SpaceX hit an unexpected roadblock on its journey to launch the world’s most powerful rocket. The aerospace company has spent months preparing the Falcon Heavy for its maiden voyage into space, but the government shutdown has put things on hold.
The final step before takeoff is to run a static fire test of its 27 Merlin engines in Cape Canaveral, Florida. The test was scheduled for Friday, then moved to Saturday, before being delayed indefinitely. SpaceX requires the assistance of the U.S. Air Force to run the test, but furloughed personnel at NASA and the 45th Space Wing means Elon Musk’s company will have to wait out the shutdown before launching. SpaceX relies on the Air Force to ensure the grounds are safe before it launches or tests rockets. We won’t know a firm date for the Falcon Heavy static fire until the government reopens.

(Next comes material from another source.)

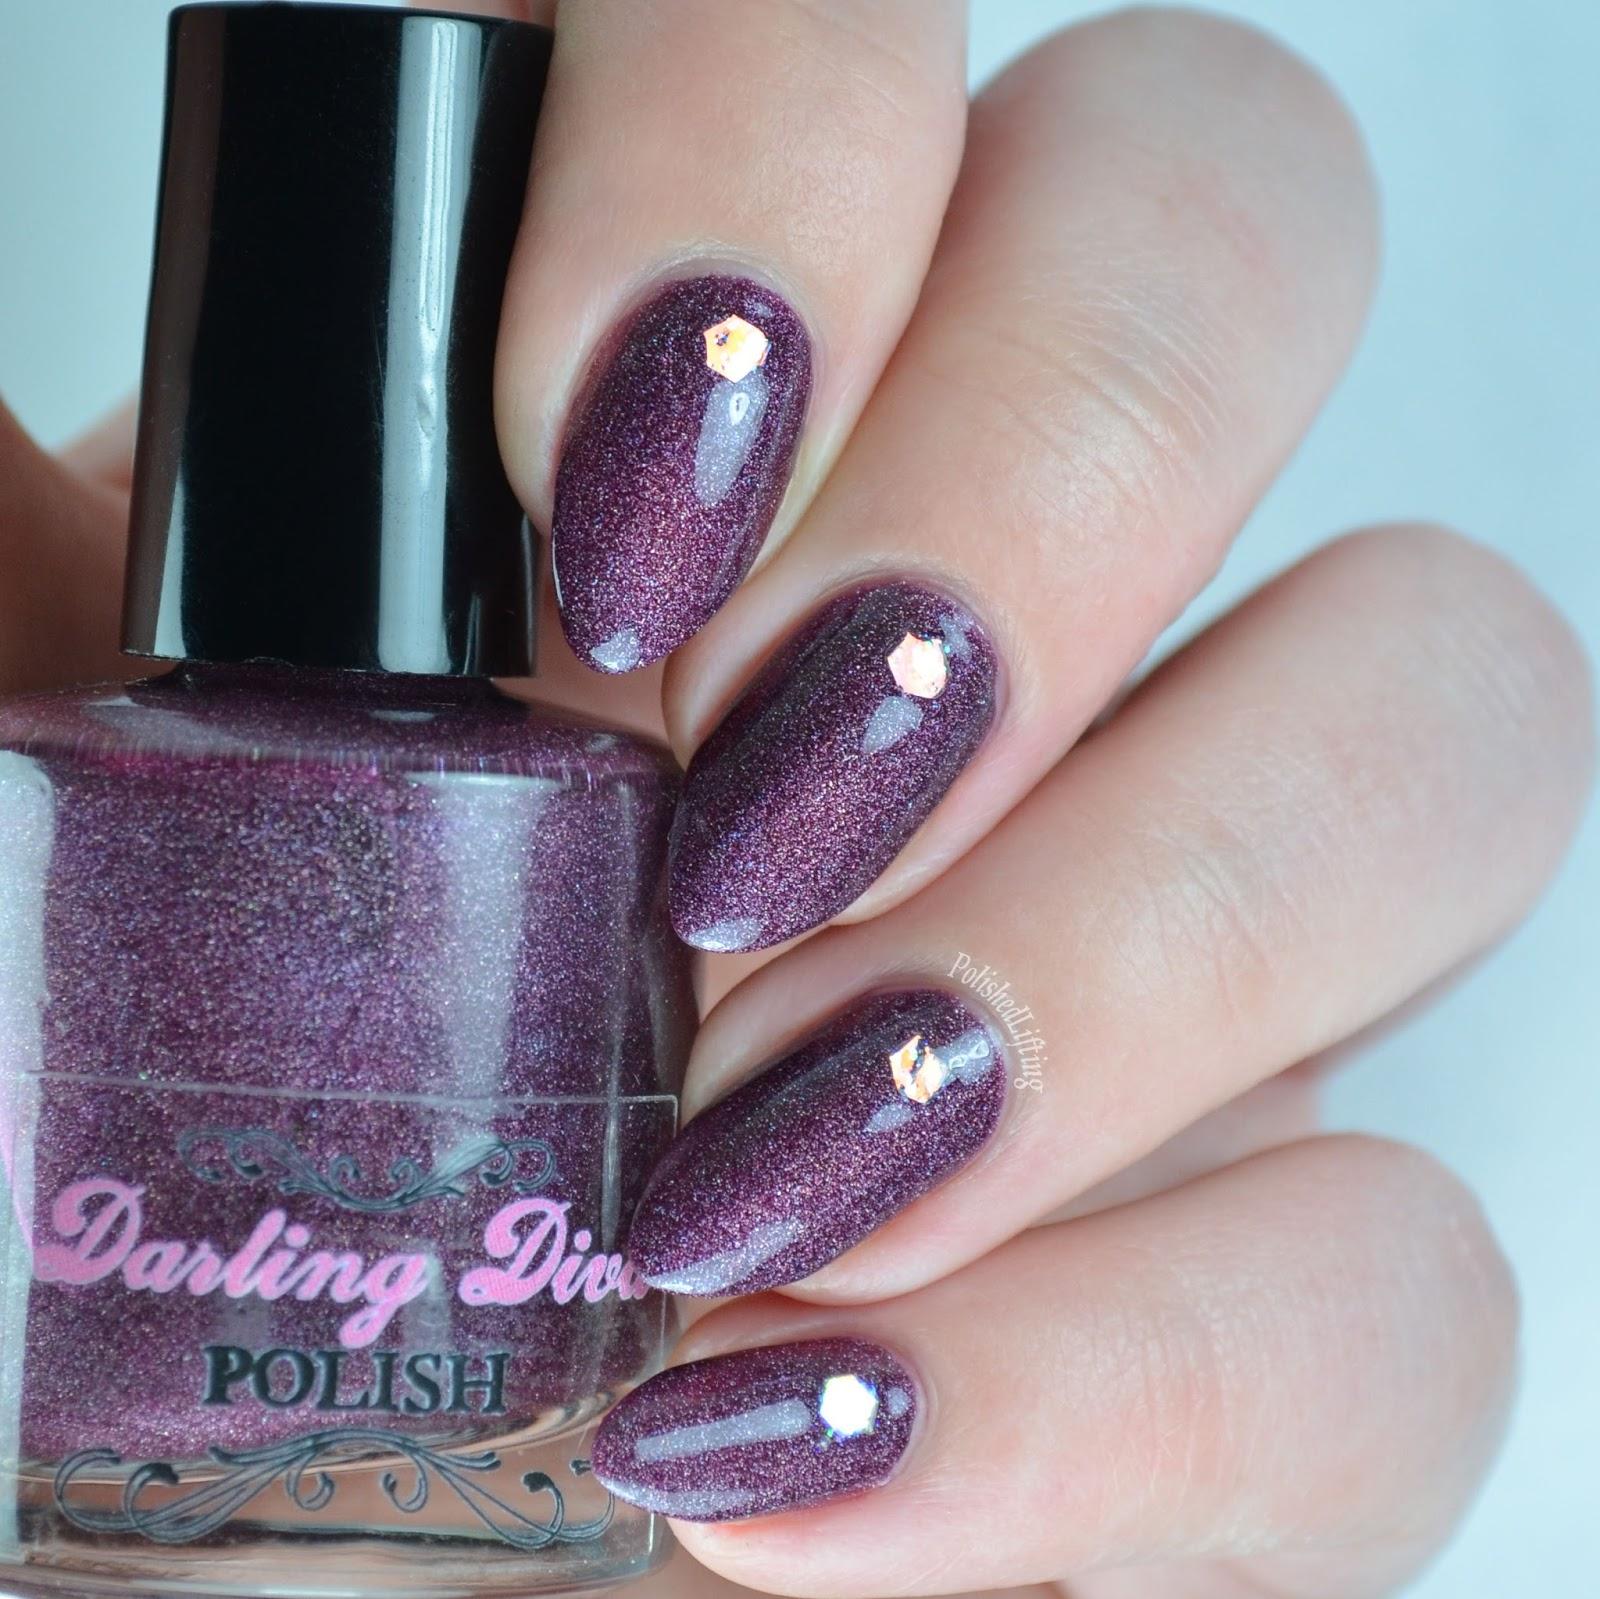 Polished Lifting: Darling Diva Polish Moar Wine Nao and You Killed ...

The shutdown couldn’t have come at a worse time for SpaceX. The company had just carted its 3 million pound rocket to the Kennedy Space Center and placed it upright on its launchpad. SpaceX expected to finish testing at the start of January so it could send the rocket into space by the end of the month. But delays, and now the shutdown, will likely push the launch back to February.
“Due to the shutdown removing key members of the civilian workforce, the 45th Space Wing will not be able to support commercial static fires taking place on (Kennedy Space Center),” the 45th Wing told the Verge.

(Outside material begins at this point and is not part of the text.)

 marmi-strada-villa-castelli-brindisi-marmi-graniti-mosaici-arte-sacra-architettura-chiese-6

The United States government shut down on Friday after Republicans and Democrats were unable to reach an agreement over funding, specifically for the young immigrants who were part of the Deferred Action for Childhood Arrivals (DACA) program. The Senate is scheduled to vote at 1pm ET on Monday to end the shutdown and fund the government for three weeks, CNN reports. It’s unclear if enough Democrats will approve the plan or whether SpaceX can even test its rocket if they do.

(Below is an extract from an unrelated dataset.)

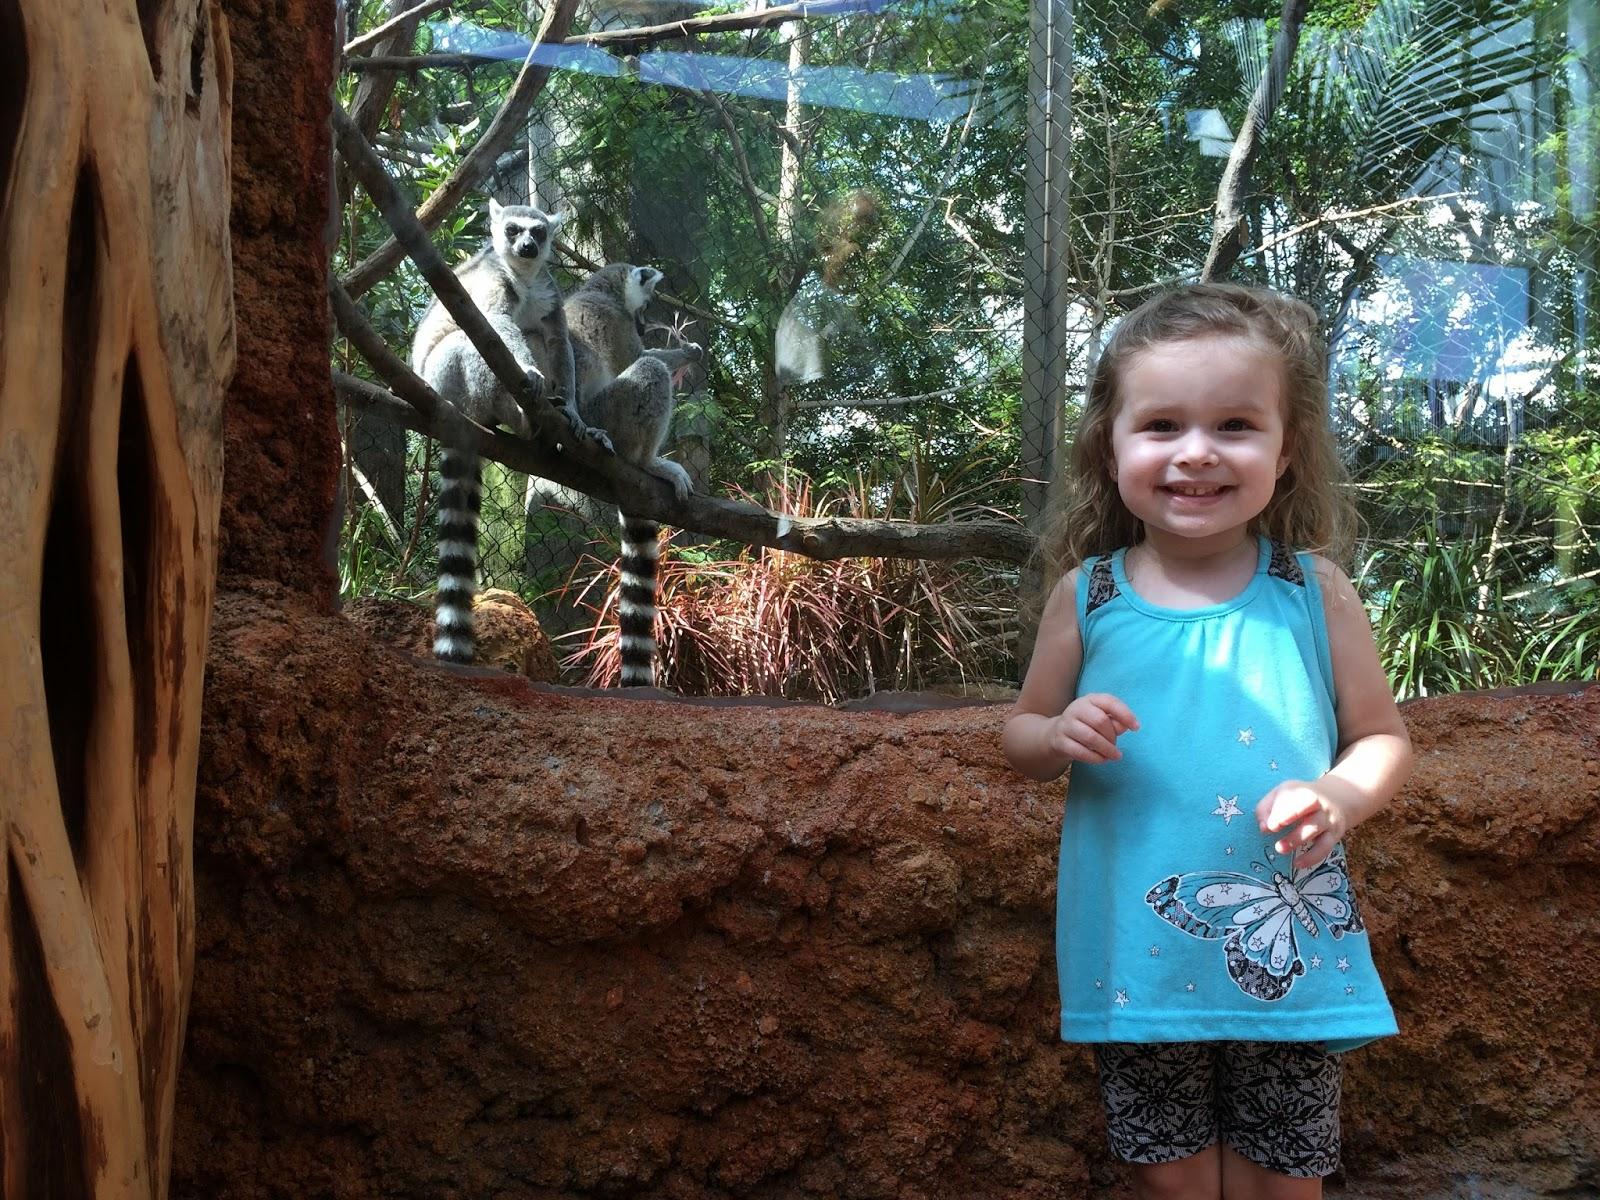 #ivysvariety Lemurs at The Florida Aquarium Tampa

“This shutdown impacts SpaceX’s Falcon Heavy demonstration, which is critical for future [national security space] missions,” John Taylor, a SpaceX spokesperson, told the Verge.
The launch of the Falcon Heavy will represent a watershed moment in spaceflight history. Comprised of three Falcon 9 rockets strapped together, the Falcon Heavy is the most powerful operational rocket in the world by a factor of two, and, like its siblings, is recyclable.
Until the government can agree to a compromise, Elon Musk and his Midnight Cherry Roadster will need to wait patiently for their chance at making history.